Closed GoogleCodeExporter closed 9 years ago
A pattern like, say, "s+" could conceivably match "ß" ("\N{LATIN SMALL LETTER
SHARP S}"), but the extra complexity it would introduce into the implementation
is just not worthwhile.
The rule is that a string of codepoint literals in the pattern must match a
string of codepoints in the text being searched, without 'splitting' codepoints
in either one.
Consider this: trying to match "s"+ against "ß" would mean it would have to
match the first half of the codepoint on the first iteration and the second
half of the codepoint on the second iteration.

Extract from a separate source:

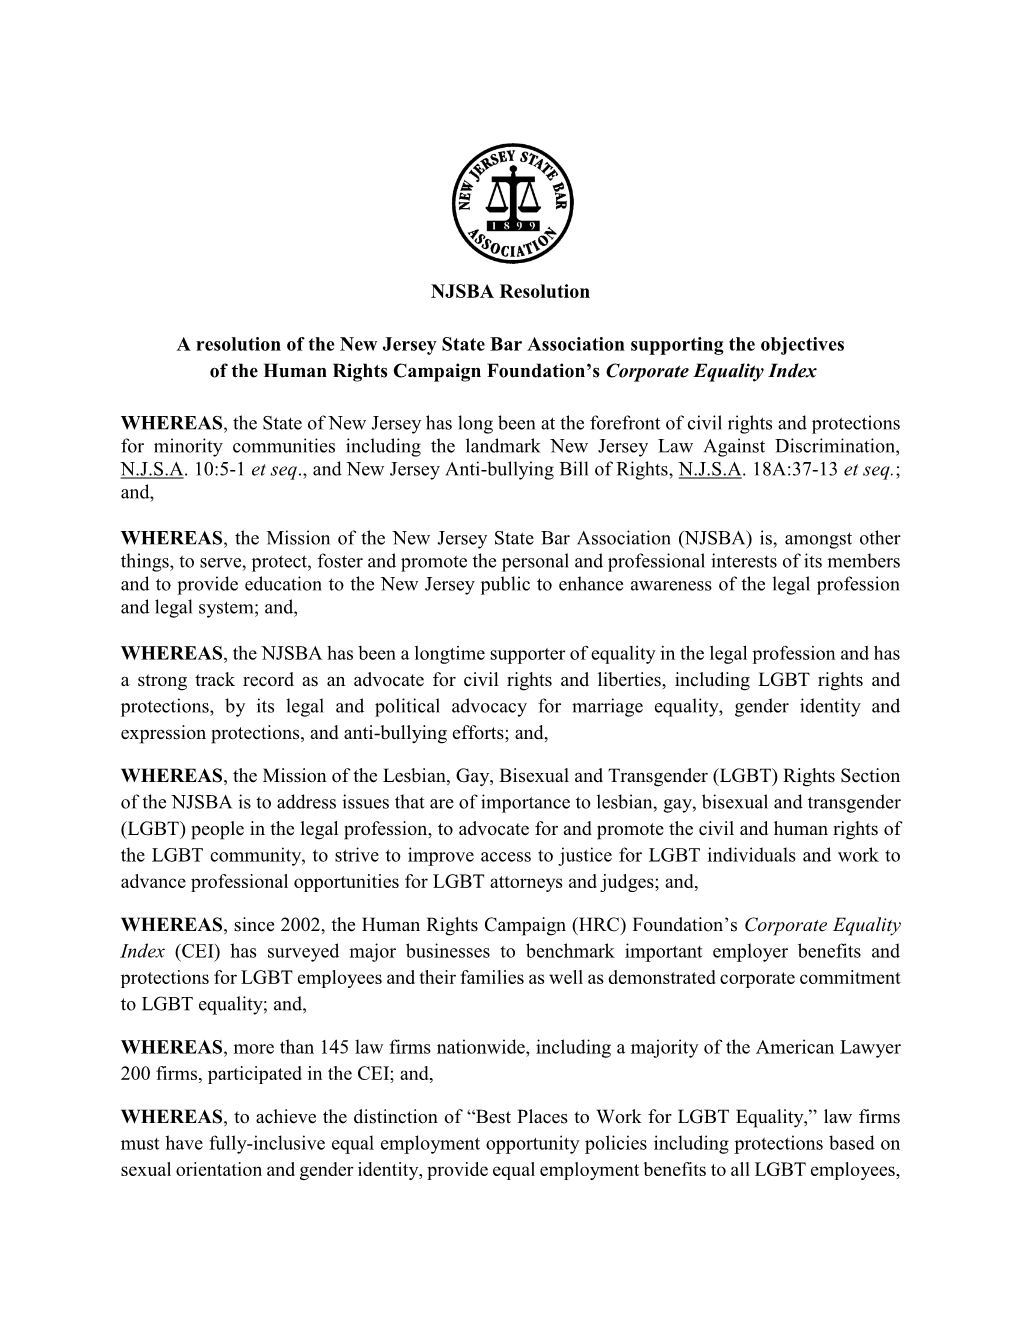 NJSBA Resolution Supporting the Objectives of the Human Rights

Or this: trying to match "s[st]" against "ß" would mean it would have to match
the first half of the codepoint with the literal "s" and second half of the
codepoint with the character set "[st]".
Or this: trying to match "(s)s" against "ß" would mean it would have to
capture only the first half of the codepoint. Clearly impossible.
It's just not worth the trouble; the cost outweighs any potential benefits.
Such problems with implementation have been recognised more recently by the
Unicode Consortium.
The regex of the Perl programming language gives pretty much the same results
as the regex module. I say "pretty much" because the regex module optimises
"[s]" to "s", so "[s][s]" becomes "ss", which can then match both "ß" and
"ẞ"; Perl's regex doesn't return those particular matches.
So, in summary, yes, that is the expected behaviour.
Original comment by re...@mrabarnett.plus.com
on 28 Jul 2012 at 1:02
Thanks for the confirmation, I somehow suspected it and am glad I didn't
misunderstand the casefolding behaviour.
I agree, that it isn't worth the extra complexity, it would require.
regards,
vbr
Original comment by Vlastimil.Brom@gmail.com
on 28 Jul 2012 at 6:32
Original issue reported on code.google.com by
Vlastimil.Brom@gmail.com
on 27 Jul 2012 at 10:18